User cannot enter his group's directory despite the directory having the correct permissions and the user being in the proper group

NoobAdmin

3/22/23, 2:38 AM

I have a directory called /workspace that looks like this:

[root@machine workspace]# ls -al
total 7
drwxr-s---. 7 root workspace 4651468242 Nov 16 14:41 .
dr-xr-xr-x. 22 root root 4096 Nov 15 11:36 ..
(I left out its subdirectories. You can see that /workspace belongs to the group workspace)

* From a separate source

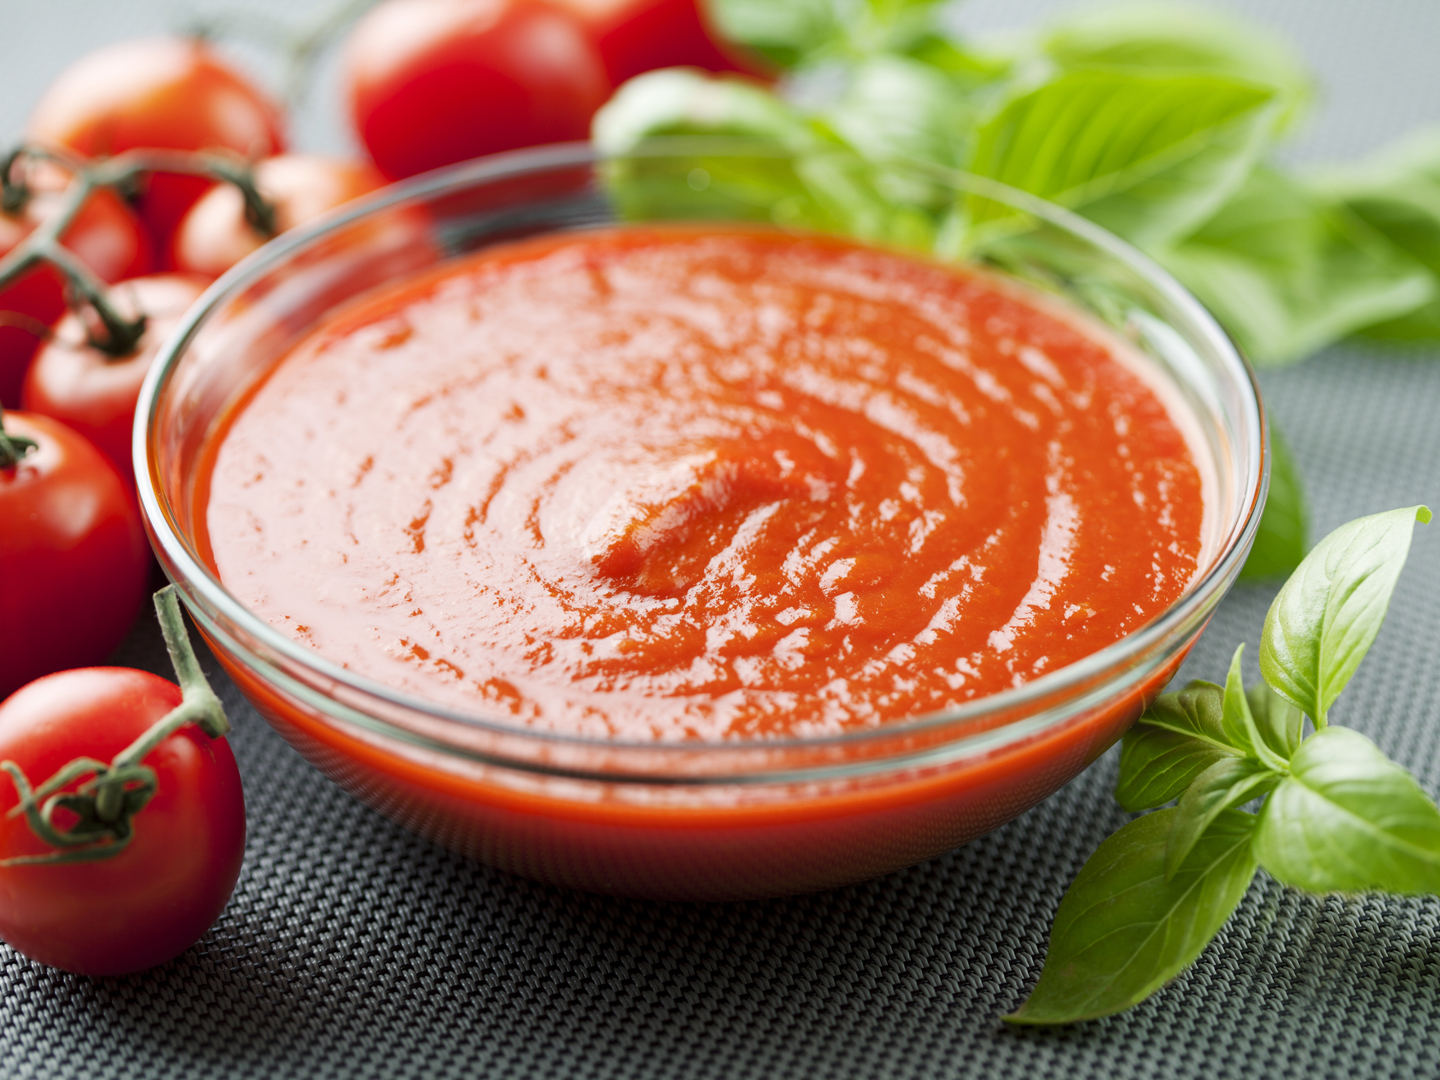 True Food Kitchen Tomato Sauce Dr. Weil's Healthy Kitchen

Then there's a user yang whose id is as follows:
[root@machine workspace]# id yang
uid=563(yang) gid=1701(yang) groups=1701(yang),1044(workspace)
This should allow him to enter /workspace but in reality he couldn't:
[root@machine workspace]# su - yang
Last login: Mon Nov 22 10:05:41 CST 2021 on pts/46
[yang@machine ~]$ cd /workspace/
-bash: cd: /workspace/: Permission denied
However of all users in the group workspace, he's the only one with this problem. Other users can access /workspace just fine, for example:
[root@machine workspace]# id zhao
uid=651(zhao) gid=651(zhao) groups=651(zhao),1044(workspace)
[root@machine workspace]# su - zhao
Last login: Mon Nov 22 10:13:27 CST 2021 on pts/103
[zhao@machine ~]$ cd /workspace/
[zhao@machine workspace]$
More details here:
[yang@machine ~]$ id
uid=563(yang) gid=1701(yang) groups=1701(yang),1044(workspace) context=unconfined_u:unconfined_r:unconfined_t:s0-s0:c0.c1023

[zhao@machine ~]$ id
uid=651(zhao) gid=651(zhao) groups=651(zhao),1044(workspace) context=unconfined_u:unconfined_r:unconfined_t:s0-s0:c0.c1023
The frustrating issue is encountered on both CentOS 6.9 and 7.9. Can anybody help me with it? Thanks!

0 + 0

linux

permissions

centos6

centos7

Score:0

Server

NoobAdmin

3/22/23, 3:36 AM

Okay so after a colleague suggested me that there might be an upper limit for supplementary groups, I doubled checked and found that /workspace is on an nfs drive with the command df -hT, and according to RFC5531, when using AUTH_SYS authentication, the default maximum number of group IDs is 16. I found a guide from NetApp teaching you how to change the default limit. While in practice the method should differ between different vendors, it can nevertheless give you an overall idea.

Another lesson is to never leave out anything when asking questions. As it turned out, yang belonged to more than 16 groups while most other users didn't exceed that number. I left out the other groups thinking they were too long, too obtrusive, but in the end, they turned out to be the problem.

0 + 0

Elon Musk

I sit in a Tesla and translated this thread with Ai:

EN: User cannot enter his group's directory despite the directory having the correct permissions and the user being in the proper group

TH: ผู้ใช้ไม่สามารถเข้าสู่ไดเร็กทอรีของกลุ่มได้ แม้ว่าไดเร็กทอรีจะมีสิทธิ์ที่ถูกต้องและผู้ใช้อยู่ในกลุ่มที่ถูกต้องก็ตาม

RO: Utilizatorul nu poate intra în directorul grupului său, deși directorul are permisiunile corecte și utilizatorul se află în grupul corespunzător

RU: Пользователь не может войти в каталог своей группы, несмотря на то, что каталог имеет правильные разрешения и пользователь находится в соответствующей группе.

VI: Người dùng không thể vào thư mục nhóm của mình mặc dù thư mục có quyền chính xác và người dùng đang ở trong nhóm phù hợp

Post an answer

Most people don’t grasp that asking a lot of questions unlocks learning and improves interpersonal bonding. In Alison’s studies, for example, though people could accurately recall how many questions had been asked in their conversations, they didn’t intuit the link between questions and liking. Across four studies, in which participants were engaged in conversations themselves or read transcripts of others’ conversations, people tended not to realize that question asking would influence—or had influenced—the level of amity between the conversationalists.